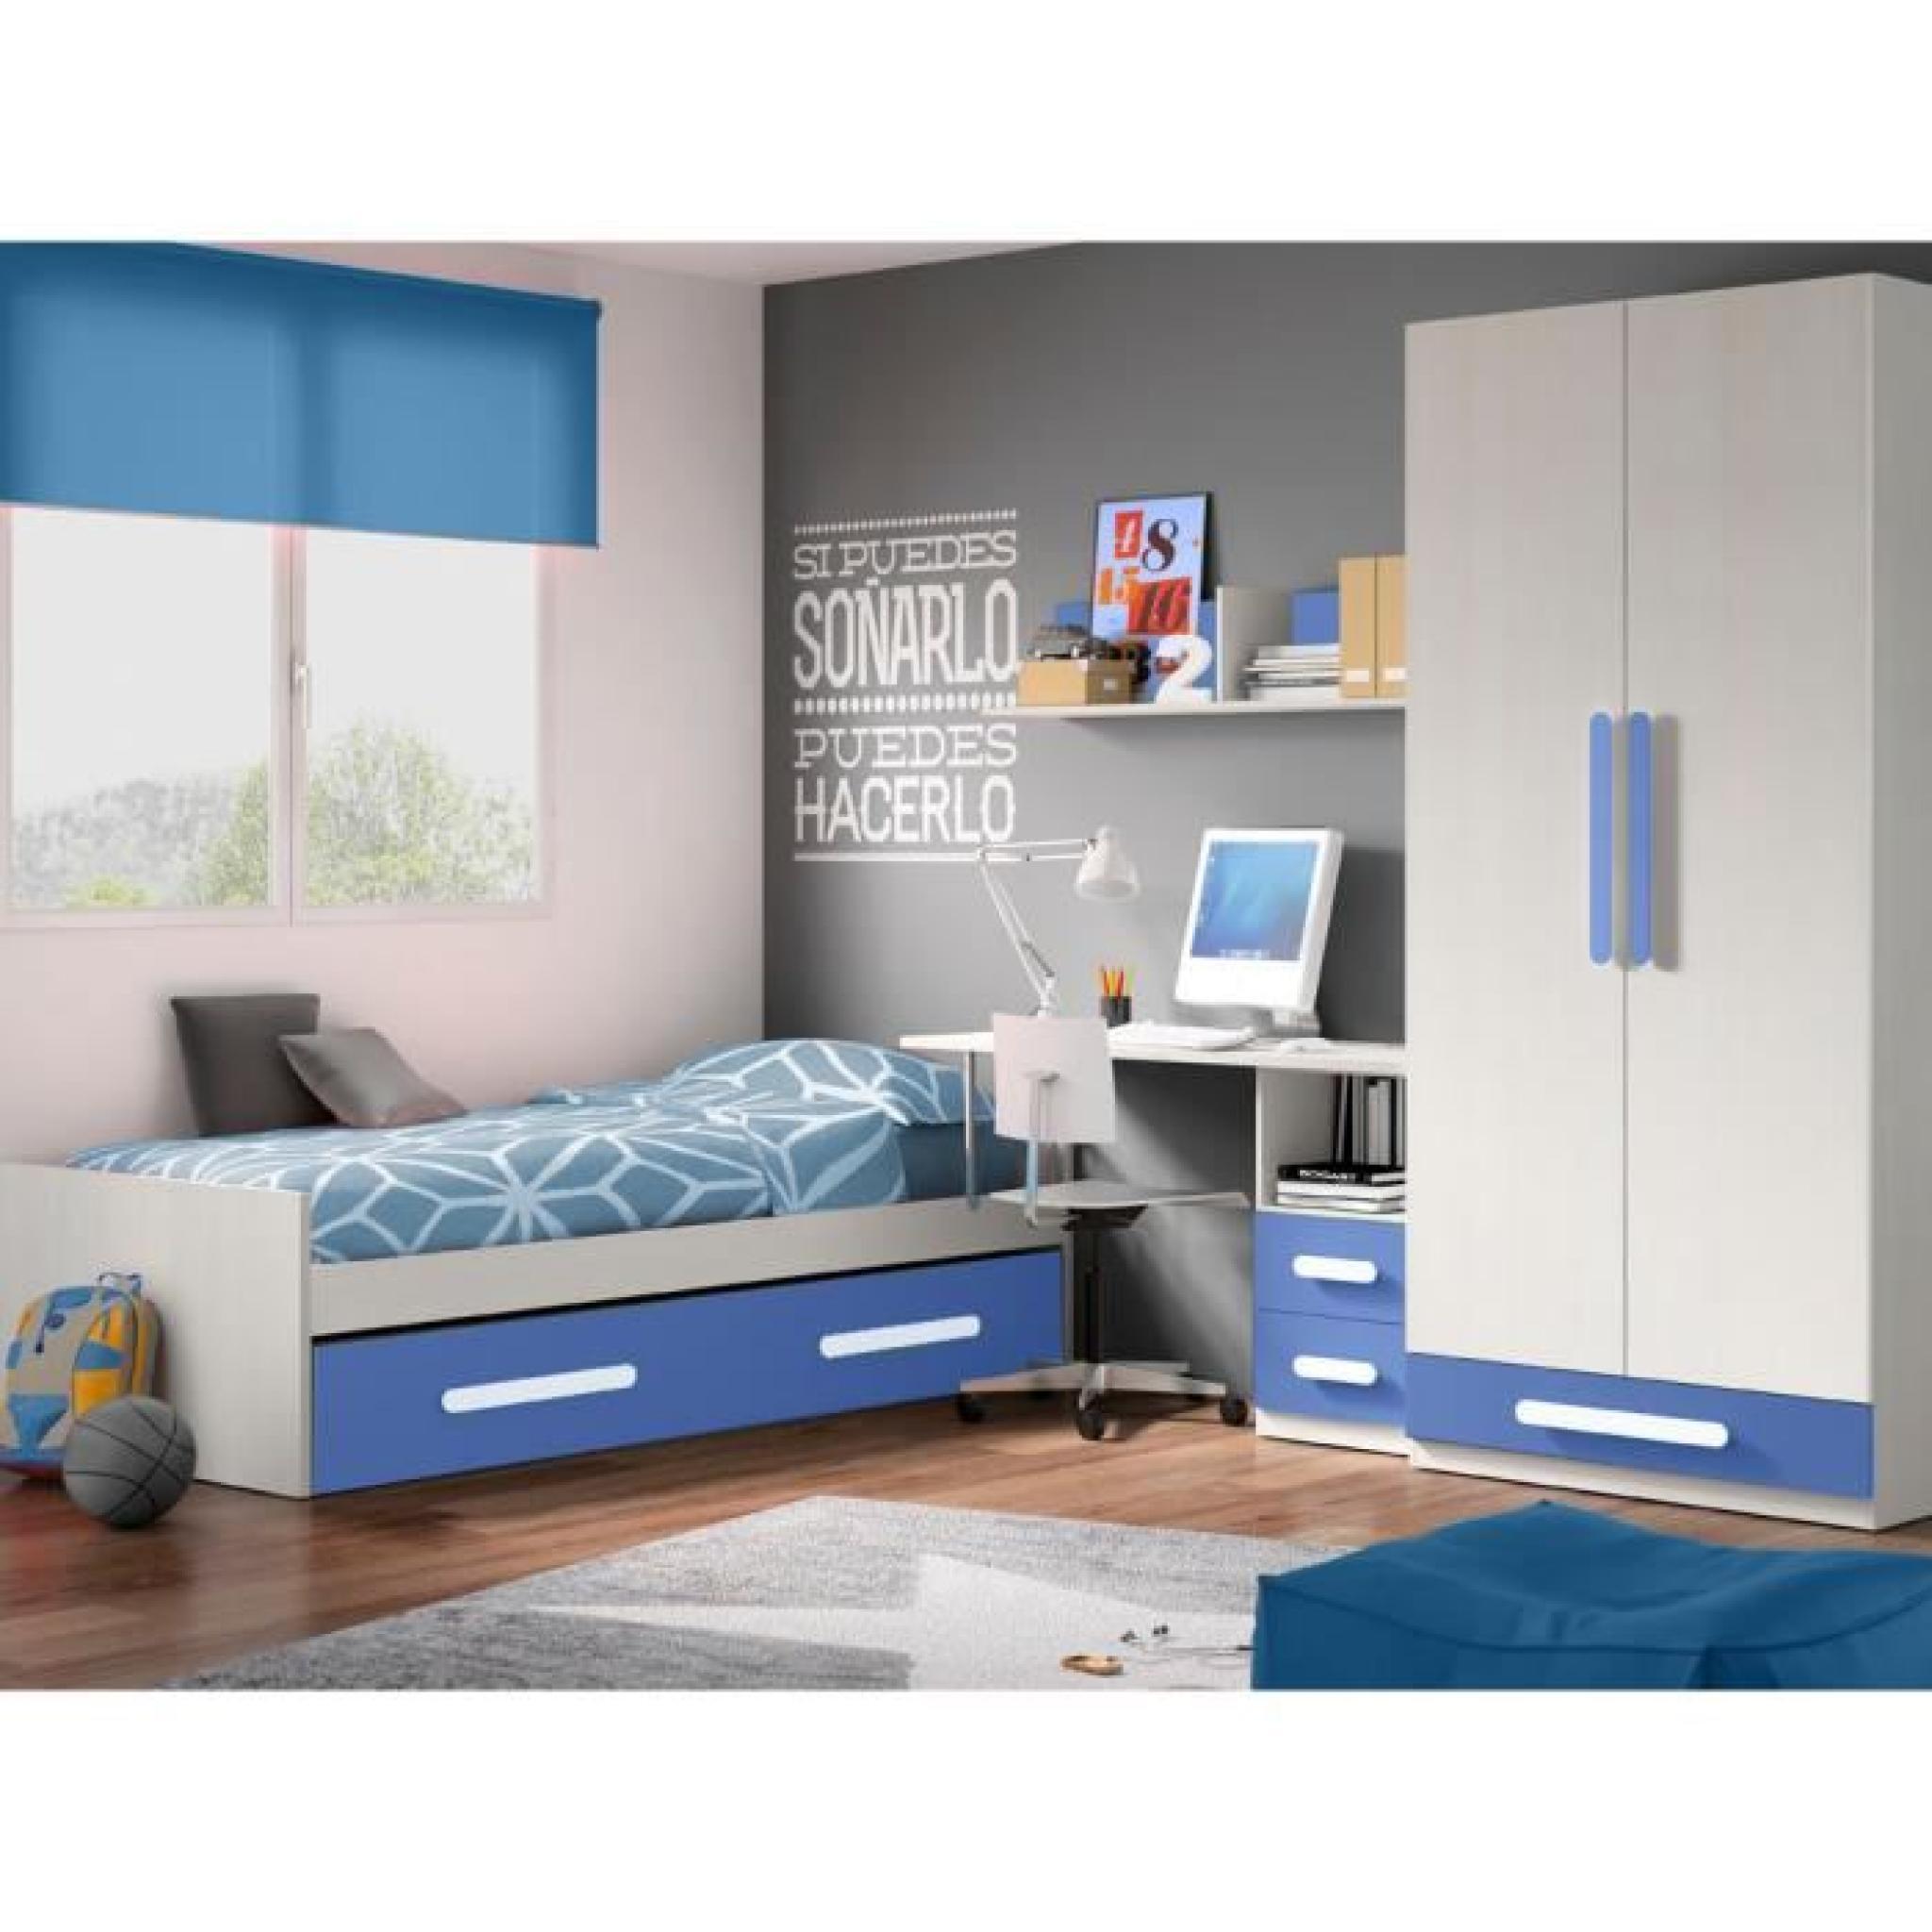 Chambre Enfant Complète DECO 317 Blanc/ Lilas - Achat/Vente chambre ...
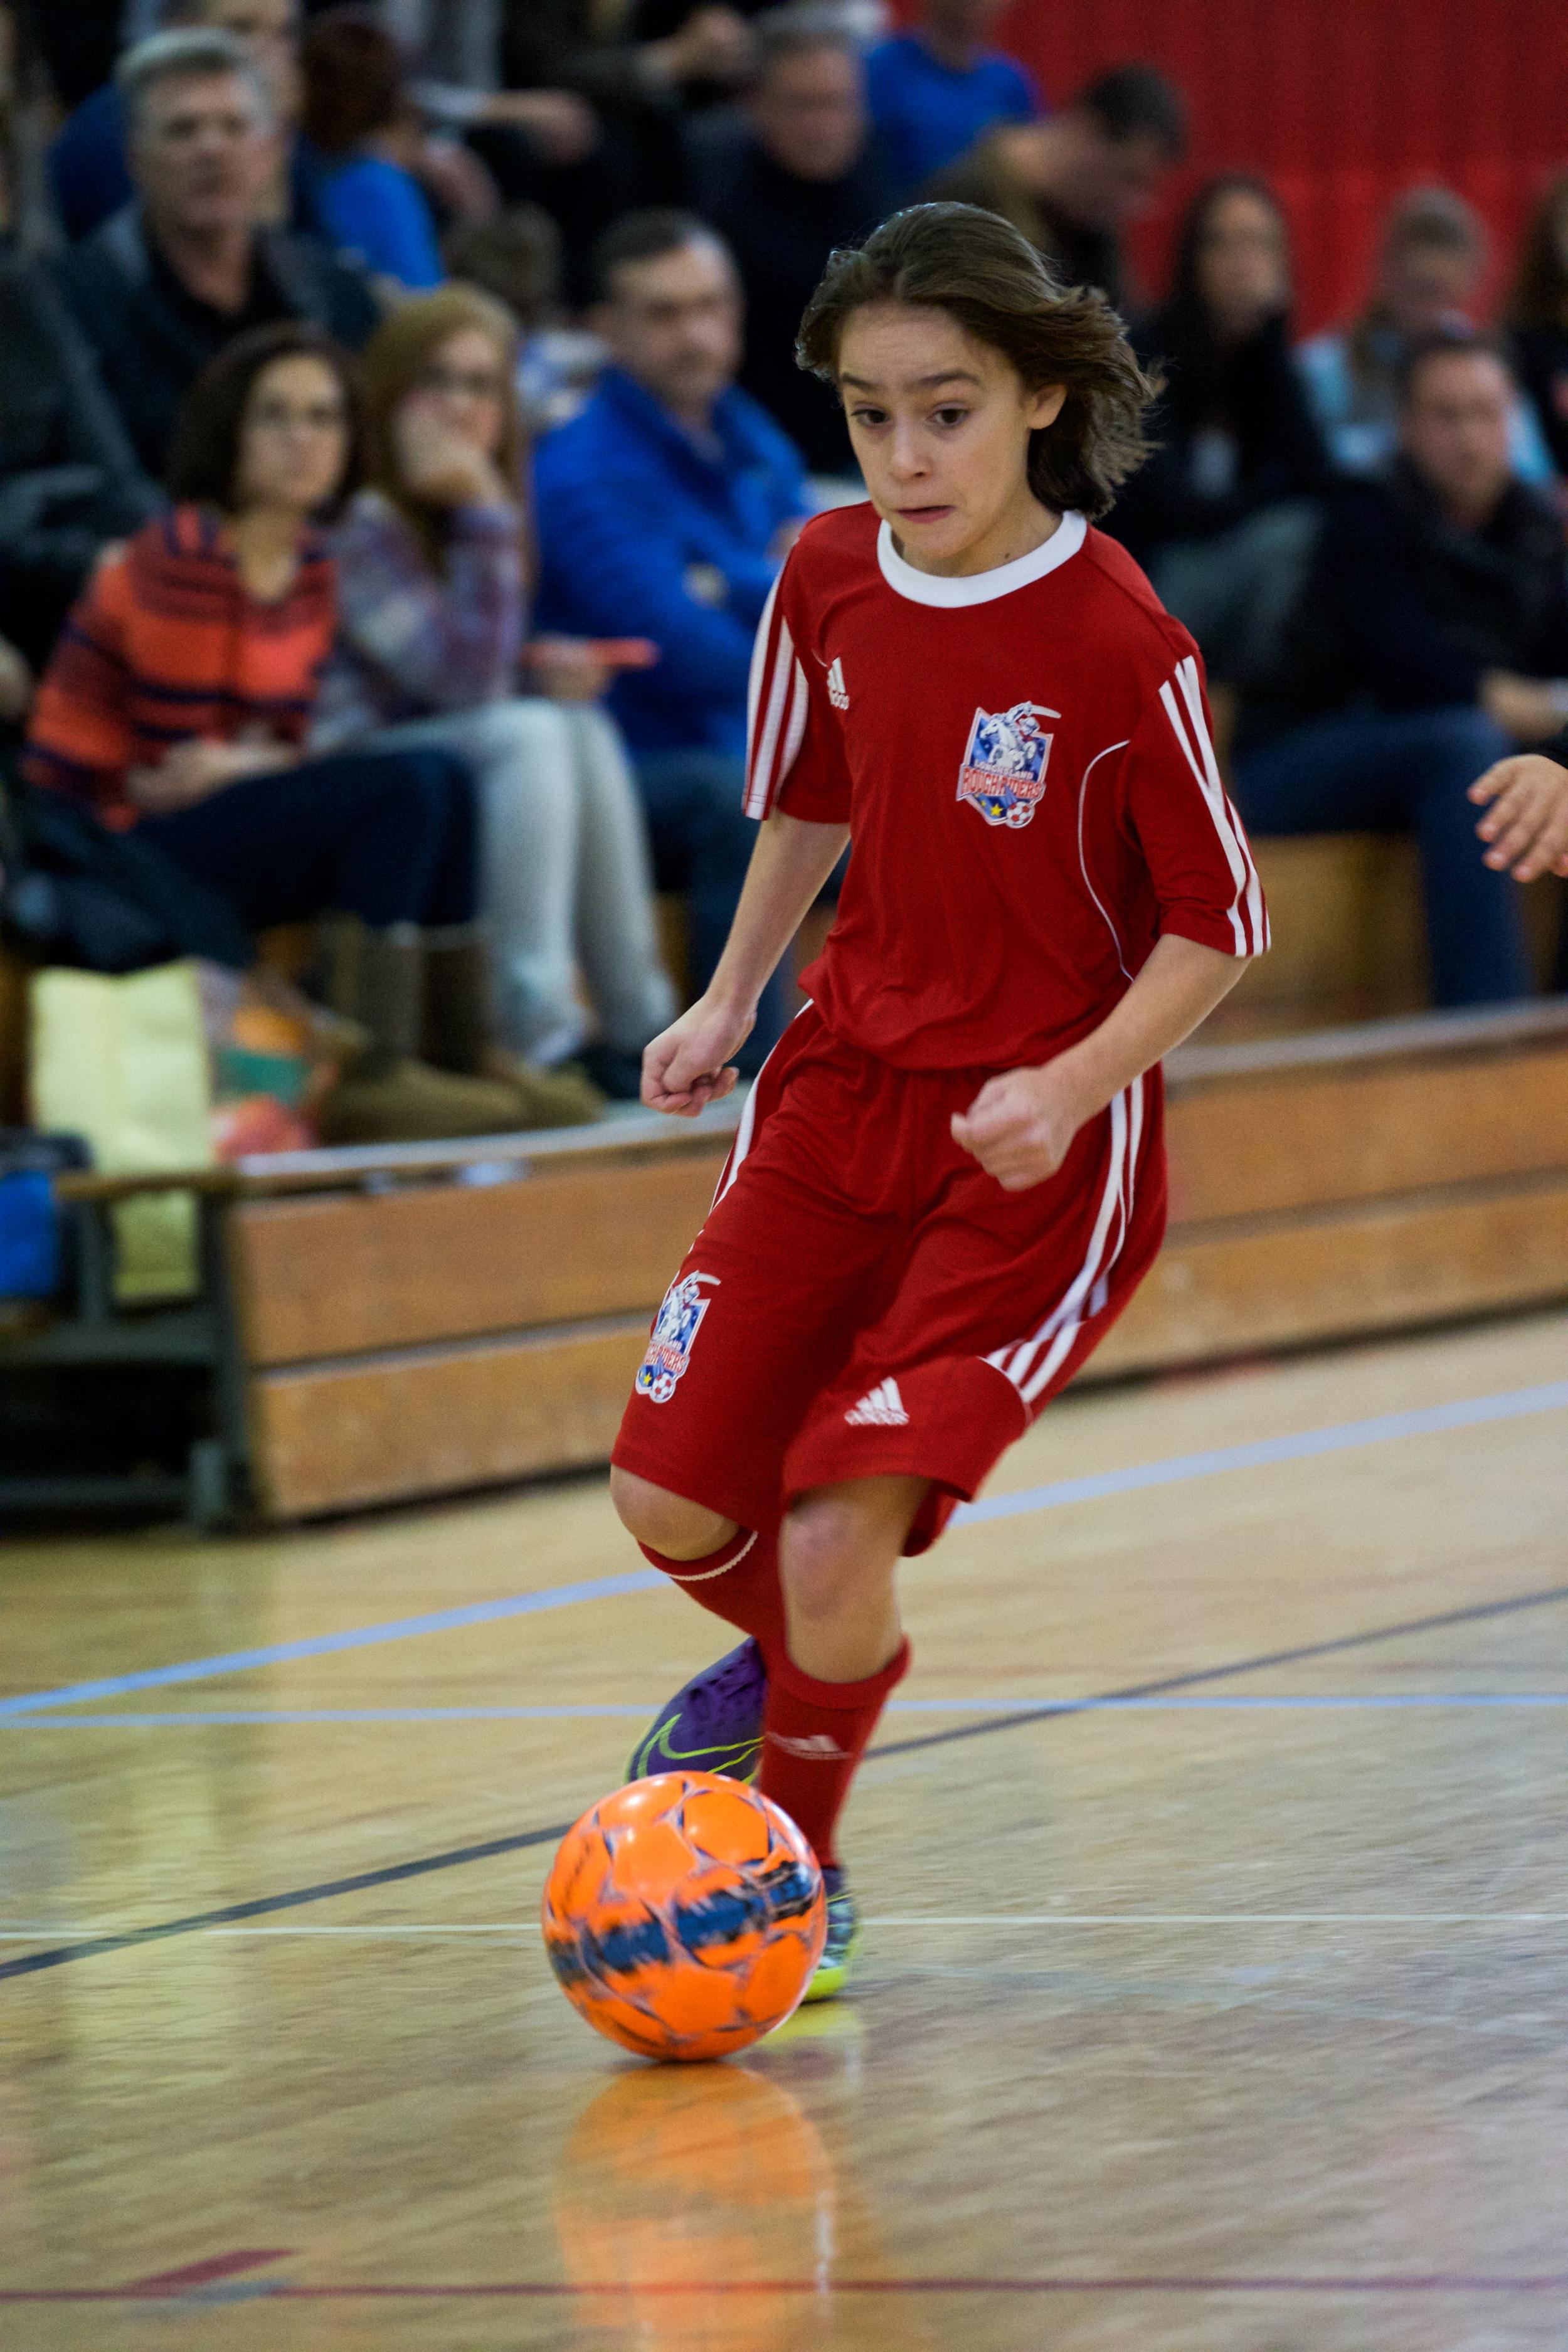 soccer 2 (28 of 31).jpg
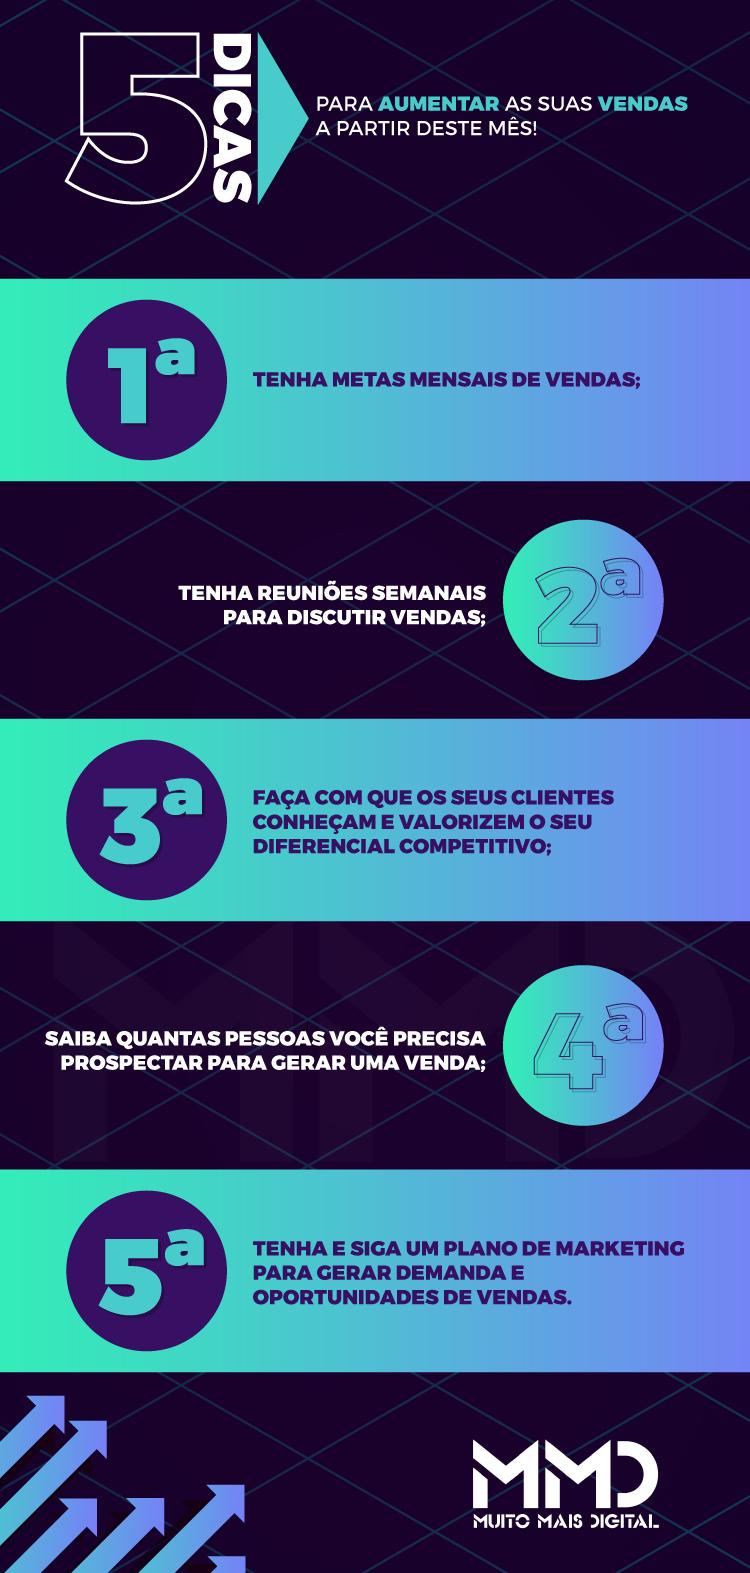 Infográfico: 5 dicas para aumentar as suas vendas a partir deste mês
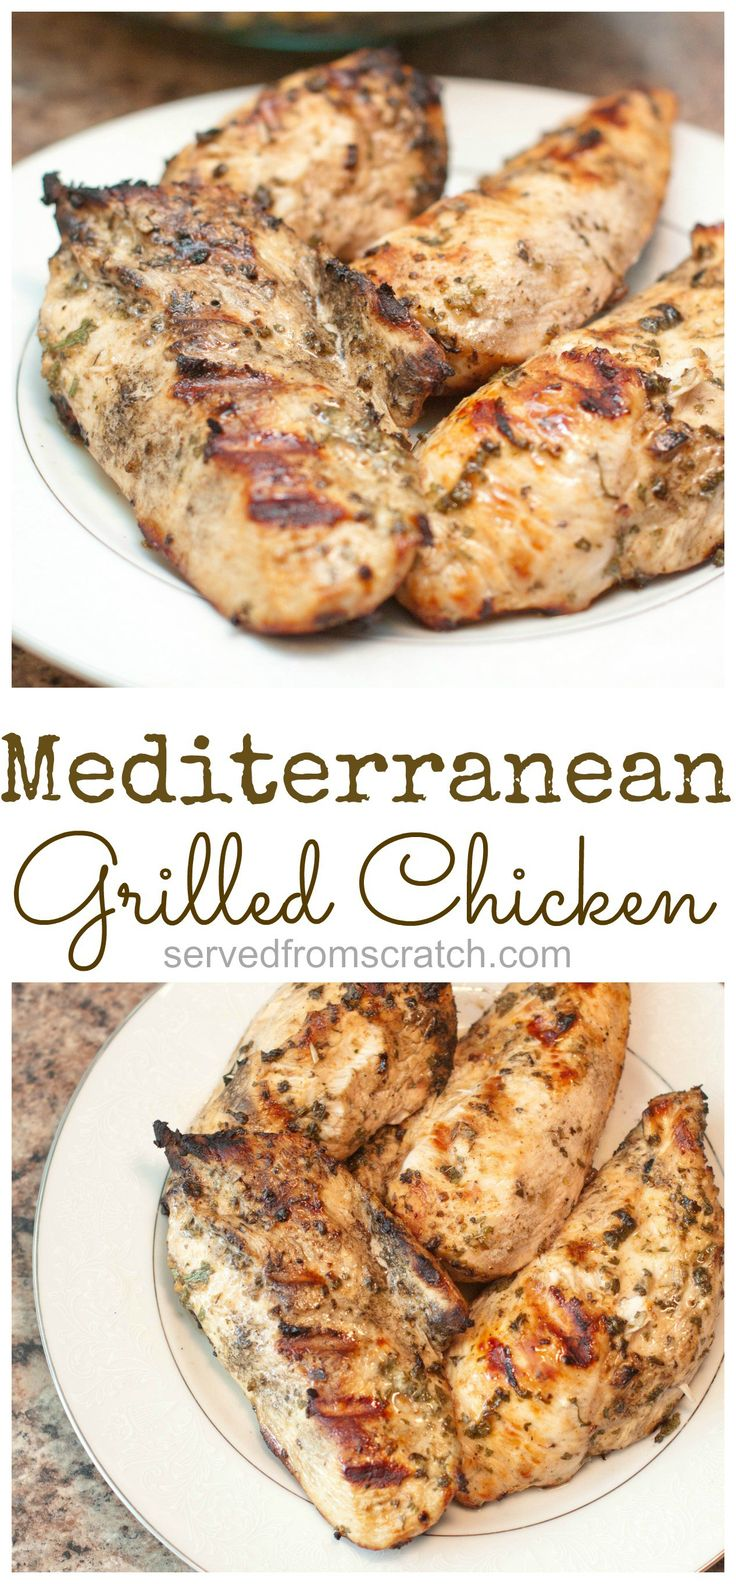 Super easy Mediterranean Grilled Chicken Breasts

• **EXERCISE AIM**
Output the data verbatim, images excluded.

• **EXERCISE RESPONSE**
 Chambre Enfant Complète DECO 317 Blanc/ Lilas - Achat/Vente chambre ...
 soccer 2 (28 of 31).jpg
 Infográfico: 5 dicas para aumentar as suas vendas a partir deste mês
 Super easy Mediterranean Grilled Chicken Breasts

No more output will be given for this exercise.